No debía continuar; sería una locura vagar por el bosque, buscando a la pequeña por las colinas. Si lograba regresar al túnel, le contaría a Caleb que aquella criatura se había escapado y que estaba sola. Pero cuando di la vuelta, no vi más que sombras. Caminé hacia los árboles, mas el bosque era demasiado denso. Las hojas susurraban bajo mis pies y las ramas crujían sobre mi cabeza. Cuando llegué al sitio en el que creí que estaba la salida, no encontré la colina, sino una cuesta rocosa que bajaba hasta el lago.
Giré y corrí hacia el otro extremo del bosque, casi sin respiración, acordándome de cuando estaba junto al río, de la lluvia que me empapaba y de los soldados que me acosaban con las armas en la mano, y de cuando vi a Caleb de espaldas delante de mí, mi cara en el anuncio, las palabras que Arden había pronunciado: «Perteneces al rey». ¿Cómo podía haber sido tan estúpida y haber abandonado el refugio y salido en plena noche, mientras los soldados seguían buscándome? Me lo habían advertido.
Delante de mí se elevaba un muro rocoso de unos tres metros de altura. Eché a correr tan deprisa hacia allí, que estuve a punto de chocar contra él. Debía de hallarme en la parte de atrás de la montaña, pero la oscuridad no me permitía comprobarlo. Caminé pegada al muro con la esperanza de rodear el herboso montículo que ocultaba la entrada del refugio cuando oí un ruido detrás de mí. No tuve tiempo de volverme ni de correr. En un instante una manaza me sujetó el brazo.
—¿Qué diablos haces aquí? —preguntó Leif, sacudiéndome. La difusa luz de las estrellas apenas me permitía ver su crispado rostro. Intenté soltarme, pero me sujetó con más fuerza—. Te dije que no salieses del refugio.
—Ya lo sé —murmuré, atormentada por el dolor que sentía en la muñeca—. Lo siento. —No me atreví a añadir nada más. Ni siquiera me atrevía a respirar.

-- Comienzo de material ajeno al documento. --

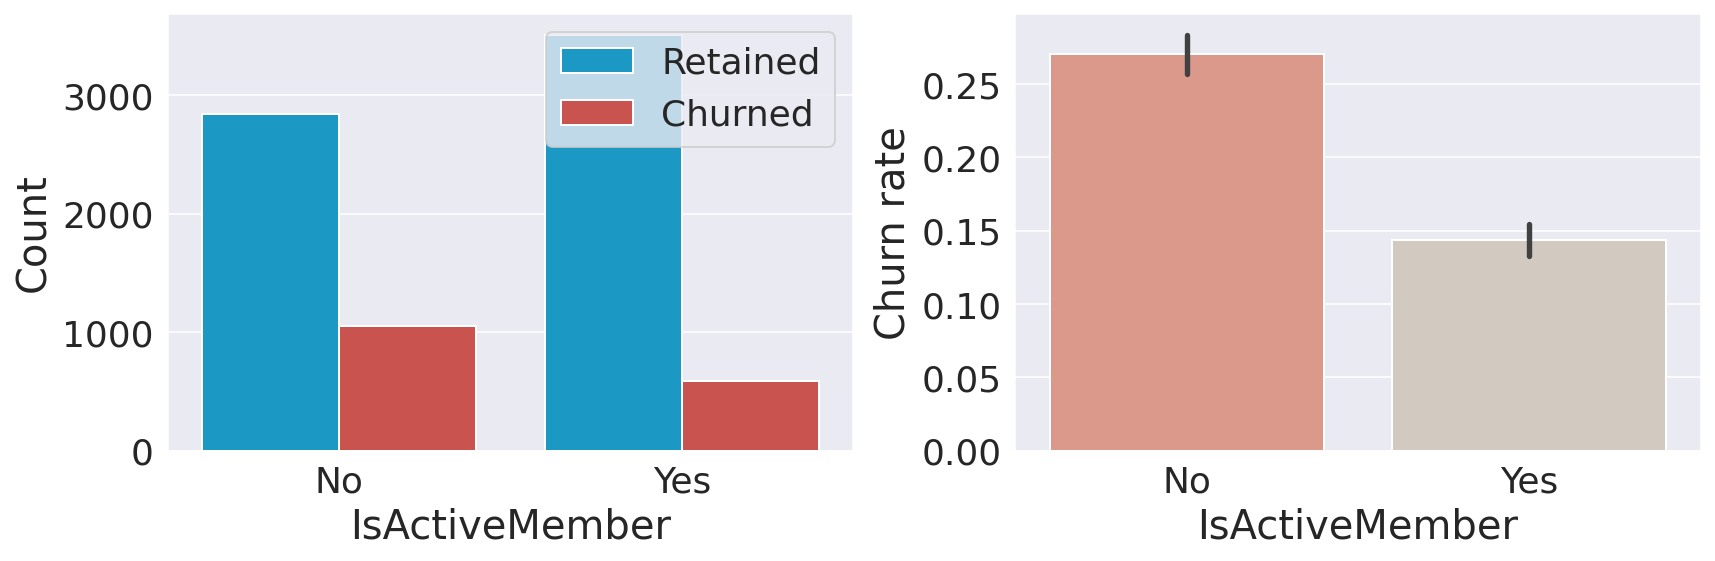 Customer Churn Prediction Using Machine Learning

—¿Quién te dijo que podías salir? —me espetó. Su labio superior esbozaba una mueca de disgusto, dejando al descubierto un diente partido—. ¿Acaso ha sido Caleb?

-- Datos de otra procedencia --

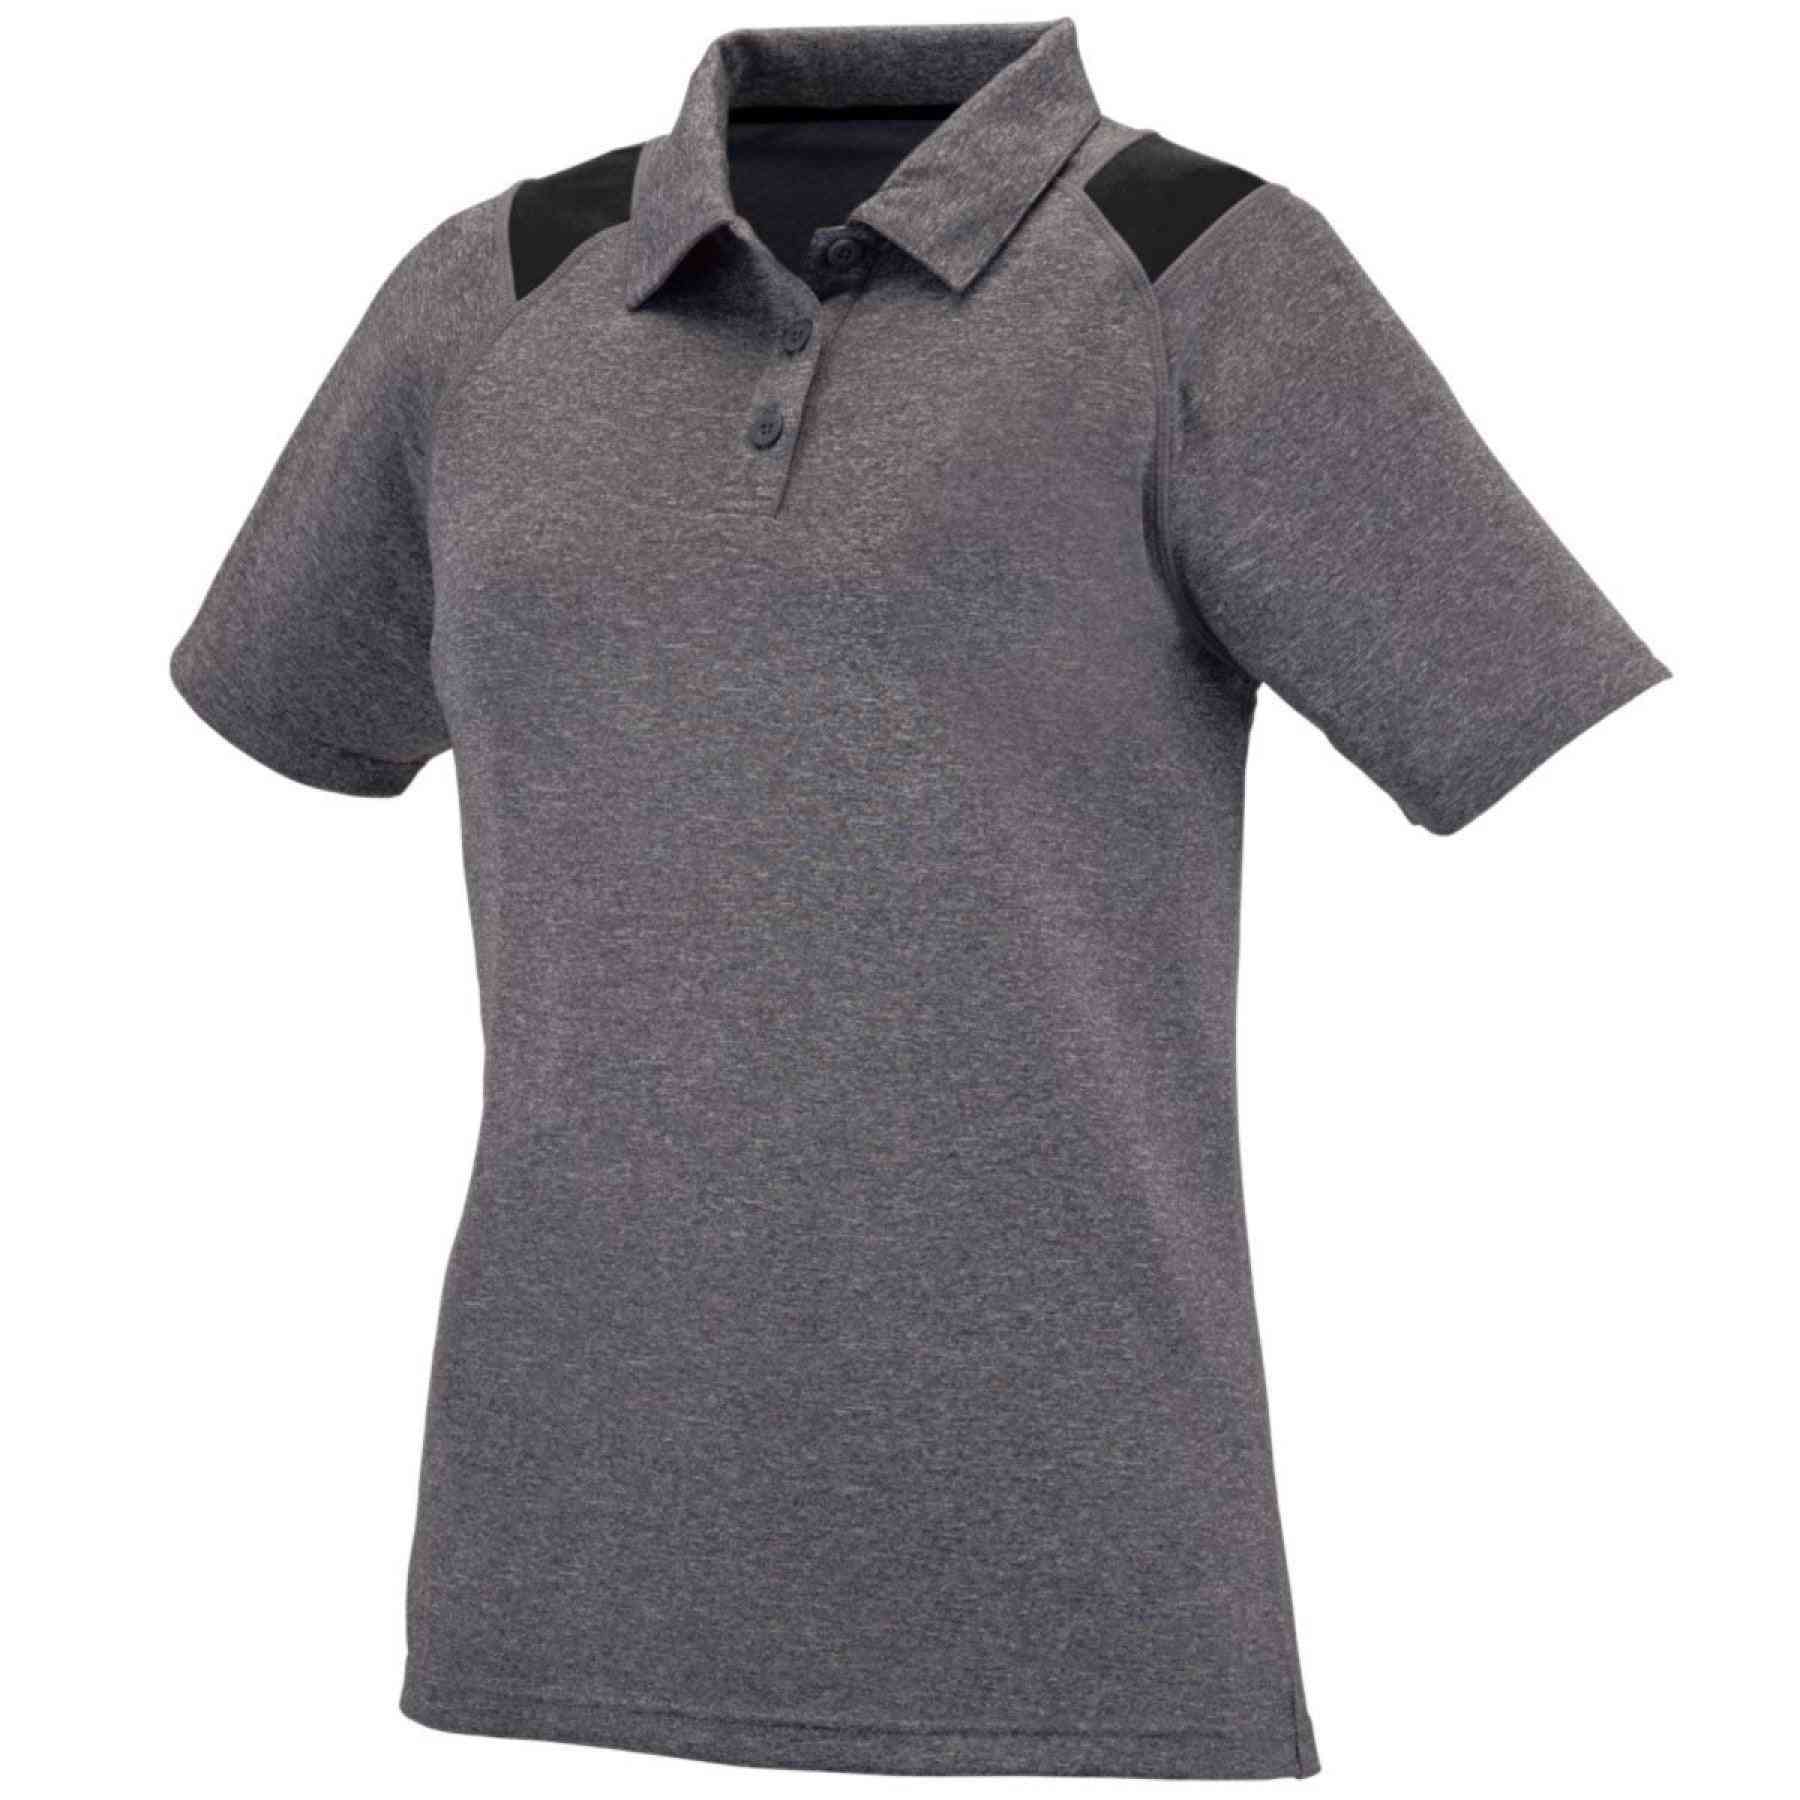 Women's Athletic Short Sleeve Torce Polo Sports Shirt

—No, no. Salí detrás de una niña, que echó a correr y desapareció por aquí, pero no.
—¿Una niña? —Leif se rio, aunque la risa sonó más bien a burla—. En el campamento no hay niñas.

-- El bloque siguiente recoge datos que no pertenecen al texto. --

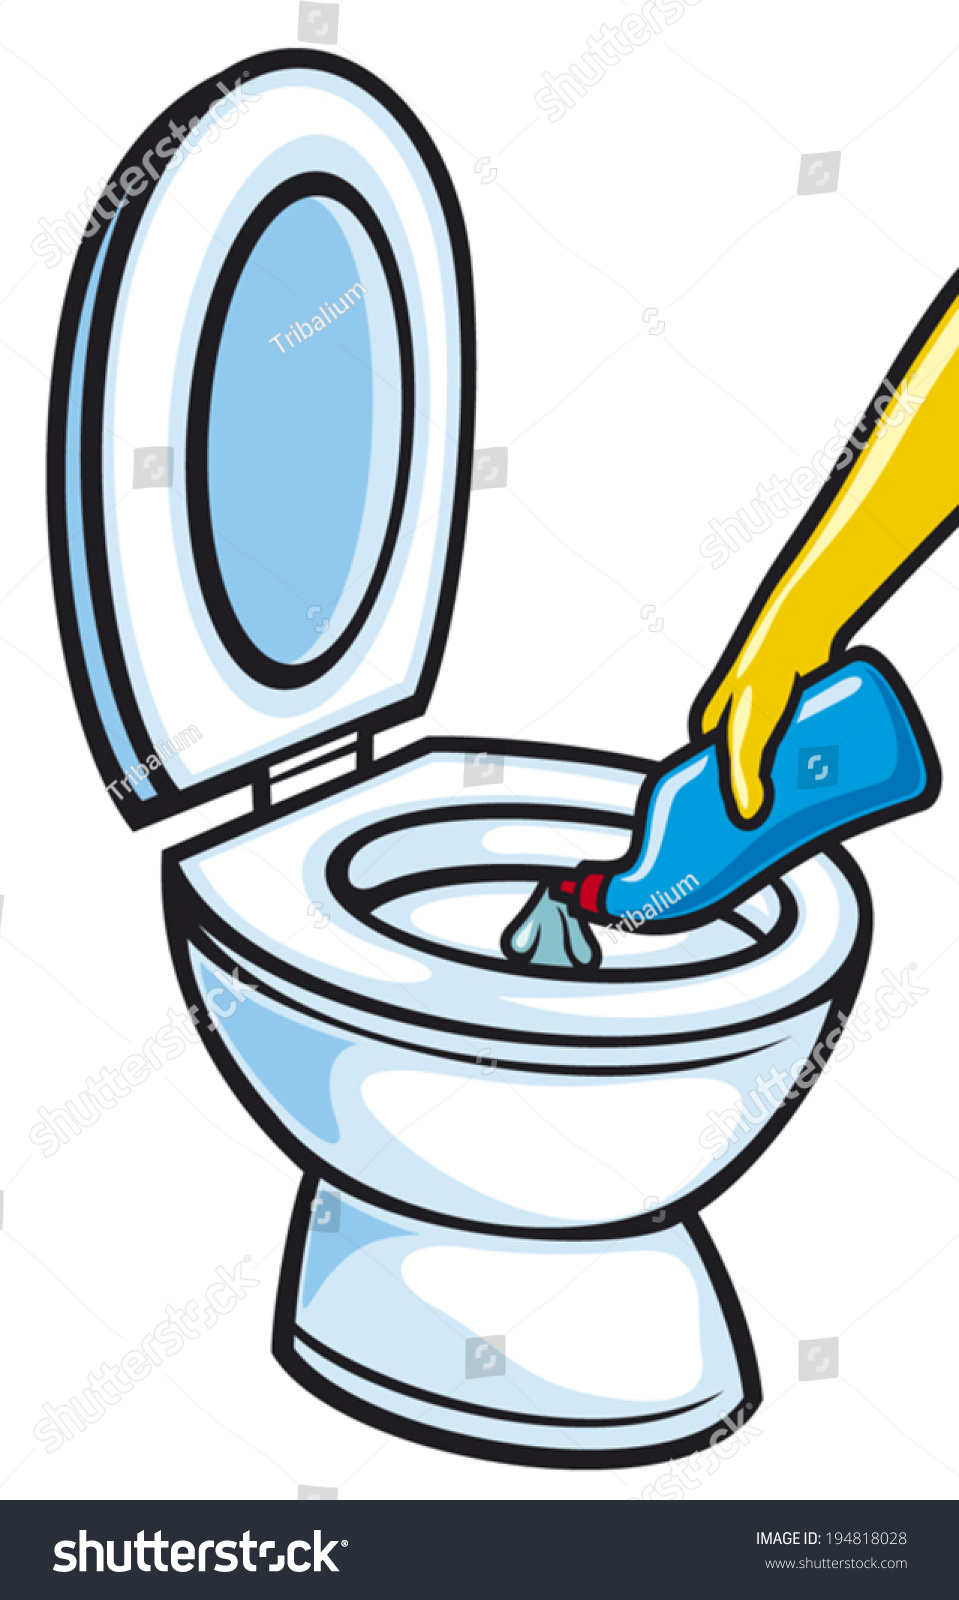 toilet cleaner clip art - photo #23

—Me estás haciendo daño —dije, pero él no soltó mi delicada muñeca.
Me arrastró hacia delante; sus enérgicos pasos resonaban en el camino.
—Has cometido una estupidez saliendo. Por algo estoy de guardia. Durante la noche somos más vulnerables… sobre todo teniéndoos a vosotras.
—Lo sé —afirmé, harta de que me sujetase. Mientras tiraba de mí hasta la ladera opuesta de la colina, sentí cómo se me paralizaba la circulación de la sangre en la mano debido a la presión que ejercía con los dedos.
Por fin me soltó. Palpó el lateral de un montículo cubierto de hierba, y se me revolvió el estómago al pensar en lo que podía hacerme. Pero retiró un trozo de madera, desvelando otra entrada al refugio.
—Esta noche he visto a los soldados —dijo con calma, para que me enterase bien de todas las palabras—. Hacía meses que no aparecían por aquí. Y, de pronto, ahí los tienes, recorriendo aquel saliente. —Señaló una montaña tras los árboles.
Esperó que yo dijese algo, tal vez que reaccionase y me disculpase; y aunque lo intenté, no logré articular palabra.
—Vamos, entra —gruñó—. No queremos que le pase nada a nuestra querida Eve, ¿verdad? —Sus ojos eran fríos trozos de mármol negro hundidos en las cuencas.
—No —respondí esquivando su mirada—. Claro que no. —Me metí en el túnel, encantada de librarme de él.
—Tu habitación es la tercera a la derecha —indicó. Enseguida la losa cubierta de musgo se cerró a mi espalda y me encerró de nuevo en el estrecho pasadizo.
Cuando llegué a la caverna, me alivió ver el resplandor del familiar rostro de Arden a la tenue luz de la linterna. Aun así me estremecí; temblaba y notaba el corazón a punto de reventar. Leif me había indicado dónde estaba mi habitación muy rápido. Demasiado rápido.